Institute for Genome Sciences, Department of Microbiology and Immunology, University of Maryland School of Medicine, 801 W, Baltimore Street, Baltimore, MD 21201, USA.
Microbiome. 2014 Feb 24;2(1):6. doi: 10.1186/2049-2618-2-6.

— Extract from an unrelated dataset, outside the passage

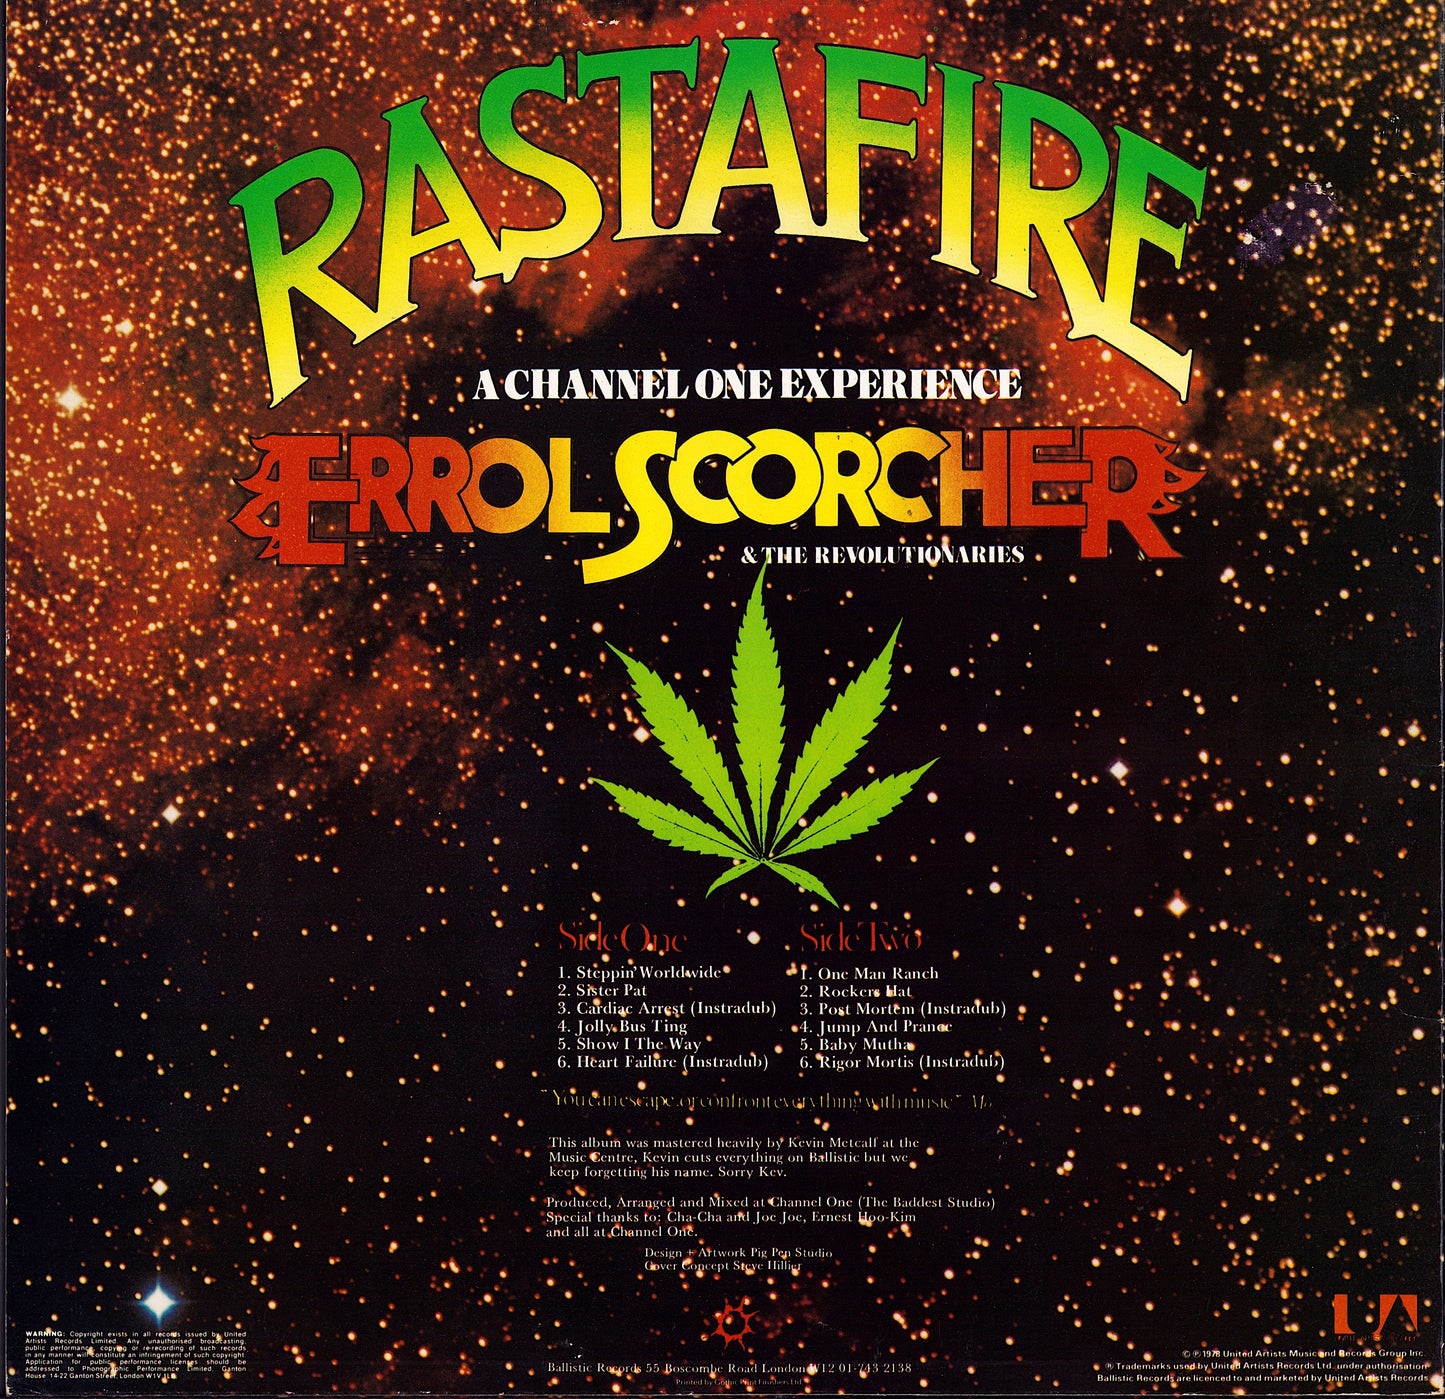 Errol Scorcher And The Revolutionaries ‎- Rasta Fire Vinyl LP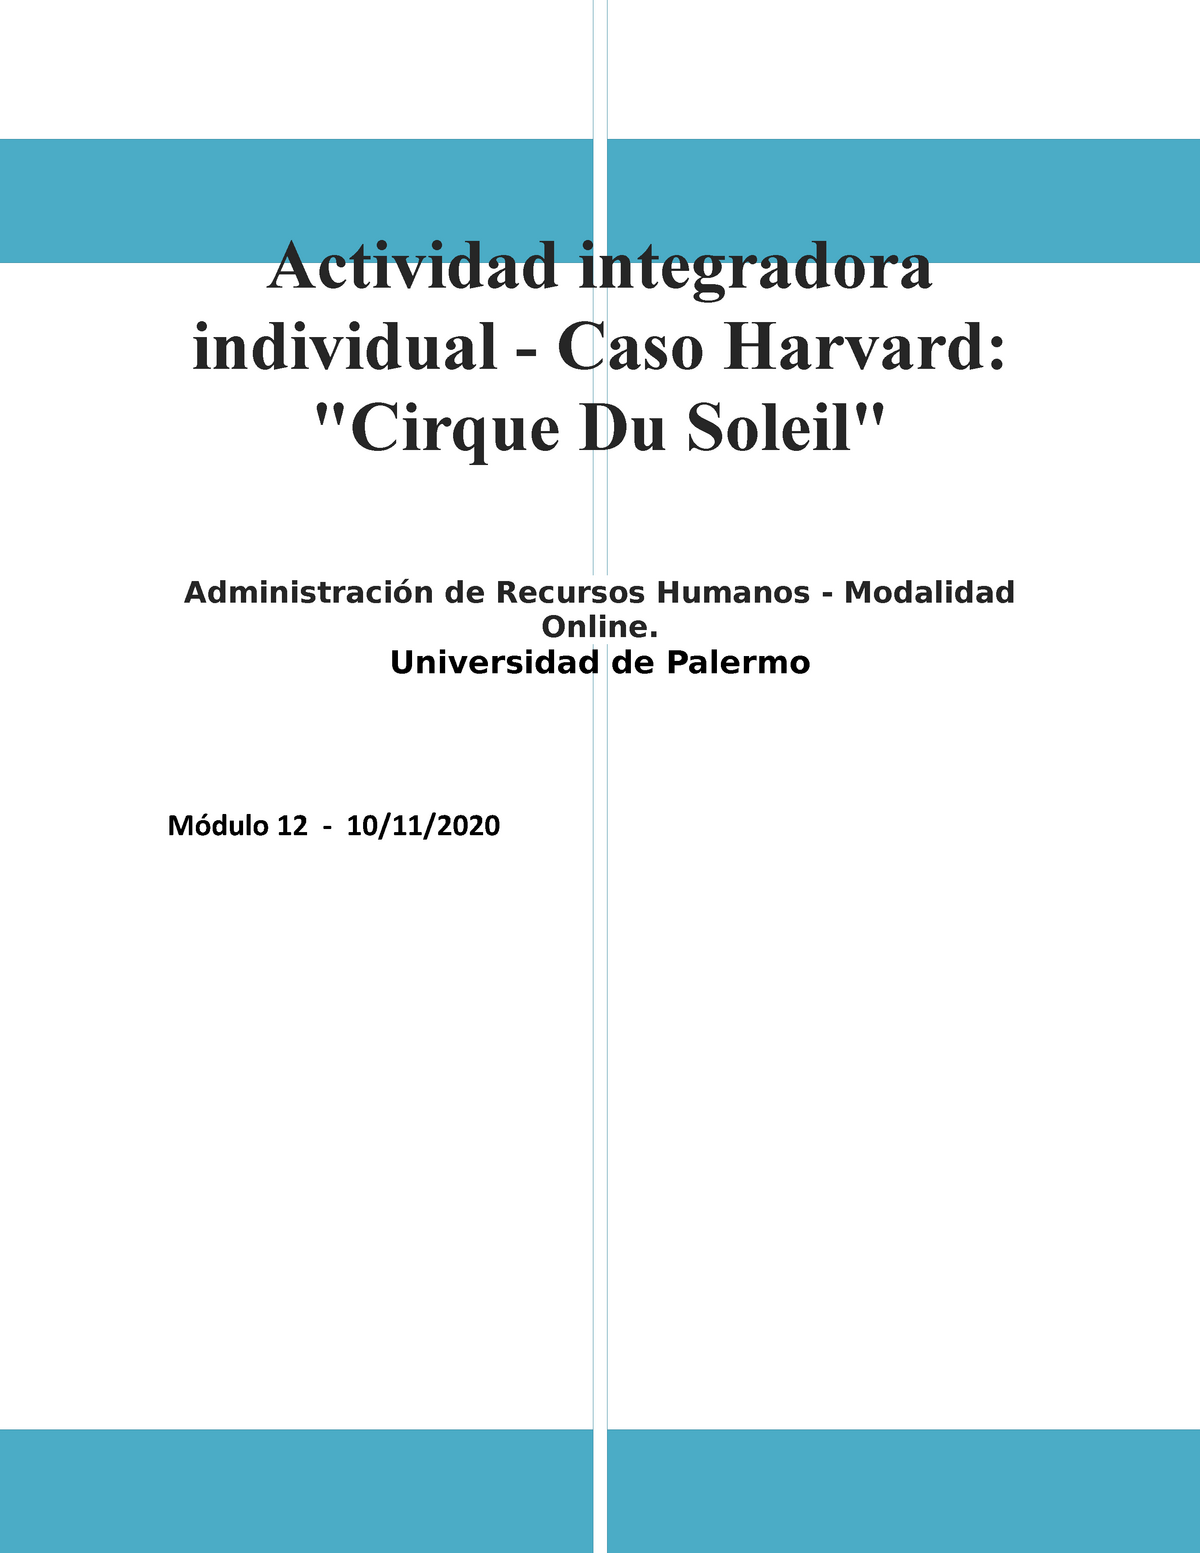 cirque du soleil harvard case study pdf

To take advantage of affordable high-throughput next-generation sequencing technologies to characterize microbial community composition often requires the development of improved methods to overcome technical limitations inherent to the sequencing platforms. Sequencing low sequence diversity libraries such as 16S rRNA amplicons has been problematic on the Illumina MiSeq platform and often generates sequences of suboptimal quality.
Here we present an improved dual-indexing amplification and sequencing approach to assess the composition of microbial communities from clinical samples using the V3-V4 region of the 16S rRNA gene on the Illumina MiSeq platform. We introduced a 0 to 7 bp "heterogeneity spacer" to the index sequence that allows an equal proportion of samples to be sequenced out of phase.
Our approach yields high quality sequence data from 16S rRNA gene amplicons using both 250 bp and 300 bp paired-end MiSeq protocols and provides a flexible and cost-effective sequencing option.
为了利用价格合理的高通量下一代测序技术来描述微生物群落的组成,通常需要开发改进的方法来克服测序平台固有的技术限制。在 Illumina MiSeq 平台上对 16S rRNA 扩增子等低序列多样性文库进行测序一直存在问题,并且经常会生成质量不佳的序列。
在这里,我们提出了一种改进的双索引扩增和测序方法,用于使用 Illumina MiSeq 平台上的 16S rRNA 基因的 V3-V4 区域评估临床样本中微生物群落的组成。我们在索引序列中引入了 0 到 7 bp 的“异质间隔区”,允许等比例的样本进行异相测序。
我们的方法使用 250 bp 和 300 bp 配对末端 MiSeq 方案从 16S rRNA 基因扩增子中获得高质量的序列数据,并提供了一种灵活且具有成本效益的测序选择。